Problem Description
According to Wikipedia:
Insertion sort iterates, consuming one input element each repetition, and growing a sorted output list. Each iteration, insertion sort removes one element from the input data, finds the location it belongs within the sorted list, and inserts it there. It repeats until no input elements remain.
Merge sort works as follows: Divide the unsorted list into N sublists, each containing 1 element (a list of 1 element is considered sorted). Then repeatedly merge two adjacent sublists to produce new sorted sublists until there is only 1 sublist remaining.
Now given the initial sequence of integers, together with a sequence which is a result of several iterations of some sorting method, can you tell which sorting method we are using?
Input Specification
Each input file contains one test case. For each case, the first line gives a positive integer N (≤100). Then in the next line, N integers are given as the initial sequence. The last line contains the partially sorted sequence of the N numbers. It is assumed that the target sequence is always ascending. All the numbers in a line are separated by a space.
Output Specification
For each test case, print in the first line either "Insertion Sort" or "Merge Sort" to indicate the method used to obtain the partial result. Then run this method for one more iteration and output in the second line the resuling sequence. It is guaranteed that the answer is unique for each test case.
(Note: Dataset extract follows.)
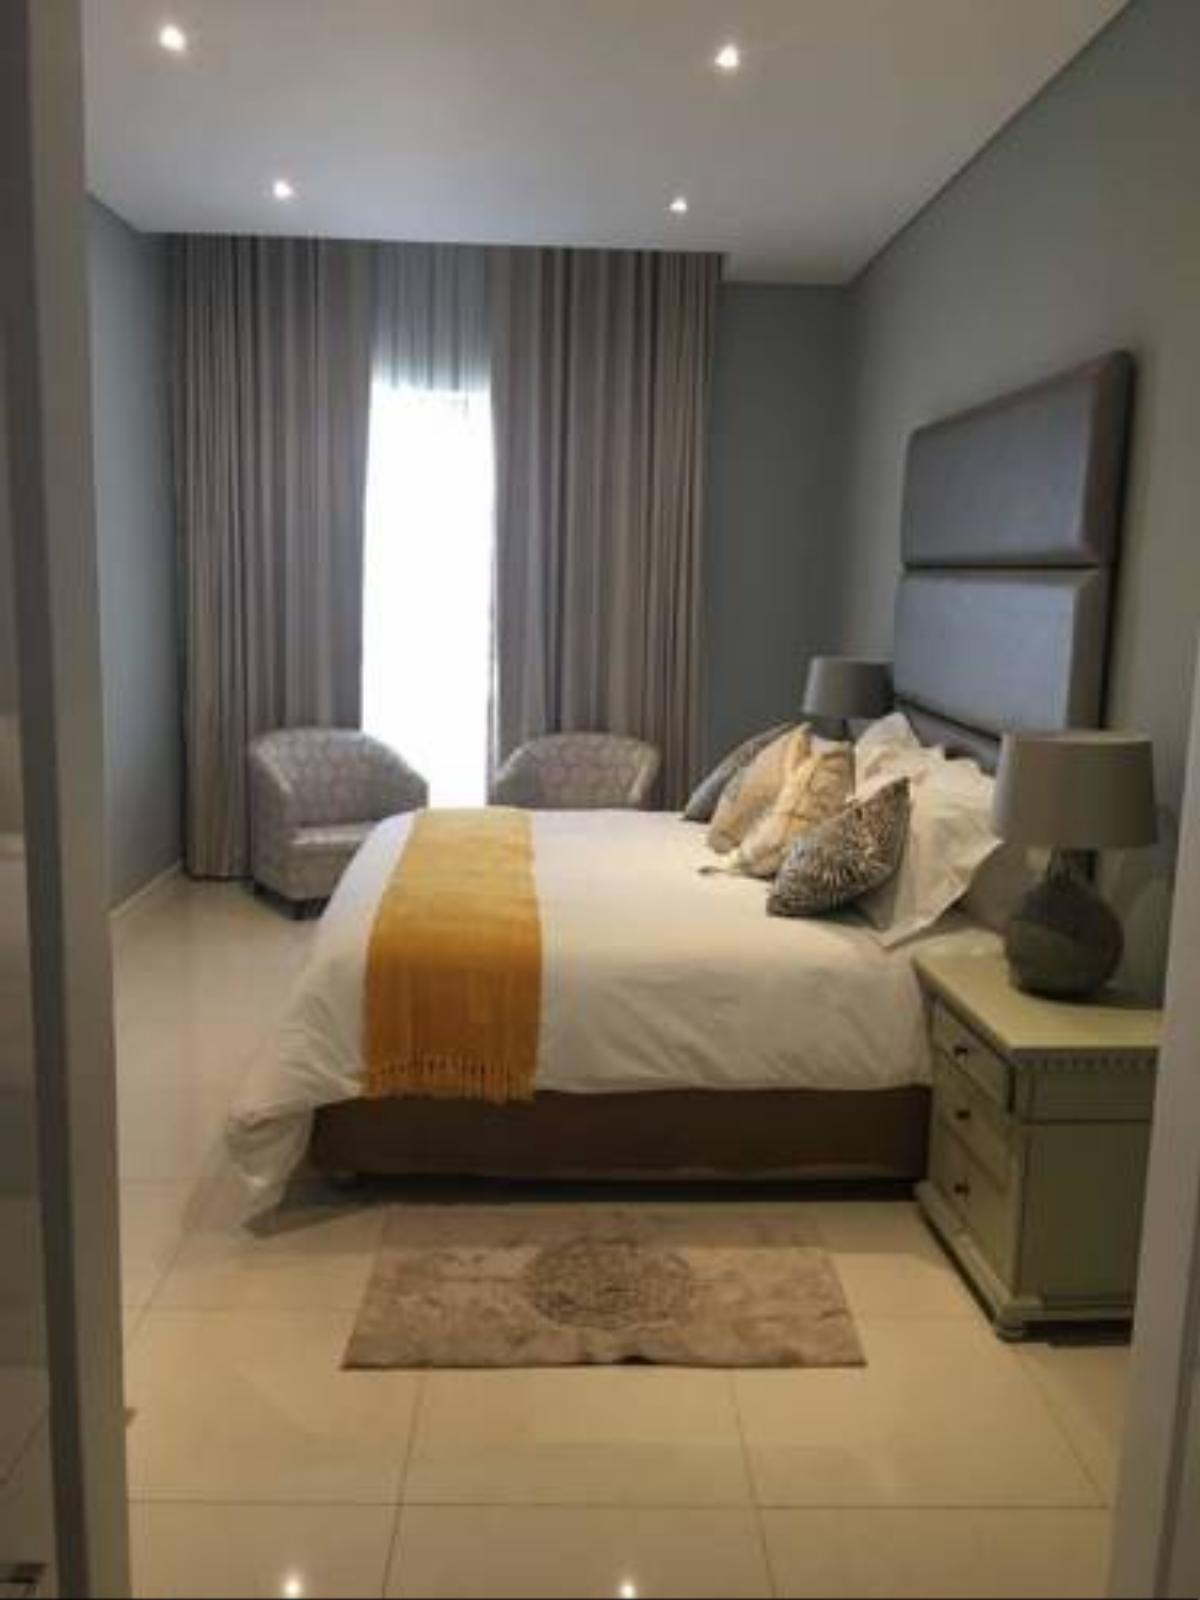 Apartment Hotel Gaborone Botswana

All the numbers in a line must be separated by a space, and there must be no extra space at the end of the line.
Sample Input 1
10
3 1 2 8 7 5 9 4 6 0
1 2 3 7 8 5 9 4 6 0
Sample Output 1
Insertion Sort
1 2 3 5 7 8 9 4 6 0
Sample Input 2
10
3 1 2 8 7 5 9 4 0 6
1 3 2 8 5 7 4 9 0 6
Sample Output 2
Merge Sort
1 2 3 8 4 5 7 9 0 6
Solution
题意理解:给出待排序数组和排序过程中迭代到某一步之后的顺序,要求这个顺序是由插入排序生成的还是归并排序生成的,并且输出再迭代一次后的顺序。
归并排序:由于这里需要每迭代一次判断是否与所给数组相同,所以需要用非递归算法
归并排序具有稳定性,缺点是需要额外空间,不适合做内部排序,适合做外部排序。
有一个地方需要注意,此题归并函数的迭代是每 MergePass 就是一次迭代,只是为了保证最后的结果重新导回 A 数组,所以每次循环中有两次 MergePass 。
#include <stdio.h>
#include <stdlib.h>
int IsSame(int A[], int N, int target[])
{
int i, flag = 1;;
for (i = 0; i < N && flag; i++)
if (A[i] != target[i]) flag = 0;
return flag;
}
int InserstionSort(int A[], int N, int target[])
{
int i, p, tmp, flag = 0;
int a[100];
for (i = 0; i < N; i++) a[i] = A[i];
for (p = 1; p < N && flag == 0; p++) {
tmp = a[p];
for (i = p; i > 0 && a[i - 1] > tmp; i--)
a[i] = a[i - 1];
a[i] = tmp;
if (IsSame(a, N, target)) flag = 1;
}
if (flag) {
tmp = a[p];
for (i = p; i > 0 && a[i - 1] > tmp; i--)
a[i] = a[i - 1];
a[i] = tmp;
printf("Insertion Sort\n");
for (i = 0; i < N; i++)
if (i) printf(" %d", a[i]);
else printf("%d", a[i]);
}
return flag;
}
void Merge1(int A[], int TmpA[], int L, int R, int REnd)
{
int i, p, LEnd;
LEnd = R - 1;
p = L;
while (L <= LEnd && R <= REnd) {
if (A[L] <= A[R]) TmpA[p++] = A[L++];
else TmpA[p++] = A[R++];
}
while (L <= LEnd) TmpA[p++] = A[L++];
while (R <= REnd) TmpA[p++] = A[R++];
}
void MergePass(int A[], int TmpA[], int N, int length)
{
int i, j;
for (i = 0; i <= N - length * 2; i += length * 2)
Merge1(A, TmpA, i, i + length, i + 2 * length - 1);
if (i + length < N)
Merge1(A, TmpA, i, i + length, N - 1);
else
for (j = i; j < N; j++) TmpA[j] = A[j];
}
void MergeSort(int A[], int N, int target[])
{
int *TmpA = (int*)malloc(sizeof(int) * N);
int i, length = 1;
while (length < N) {
MergePass(A, TmpA, N, length);
length *= 2;
if (IsSame(TmpA, N, target)) {
printf("Merge Sort\n");
MergePass(TmpA, A, N, length);
length *= 2;
free(TmpA);
for (i = 0; i < N; i++)
if (i) printf(" %d", A[i]);
else printf("%d", A[i]);
break;
}
MergePass(TmpA, A, N, length);
length *= 2;
if (IsSame(A, N, target)) {
printf("Merge Sort\n");
MergePass(A, TmpA, N, length);
length *= 2;
free(TmpA);
for (i = 0; i < N; i++)
if (i) printf(" %d", A[i]);
else printf("%d", A[i]);
break;
}
}
}
int main()
{
int i, N, A[100], target[100];
scanf("%d", &N);
for (i = 0; i < N; i++) scanf("%d", &A[i]);
for (i = 0; i < N; i++) scanf("%d", &target[i]);
if (InserstionSort(A, N, target)) ;
else MergeSort(A, N, target);
return 0;
}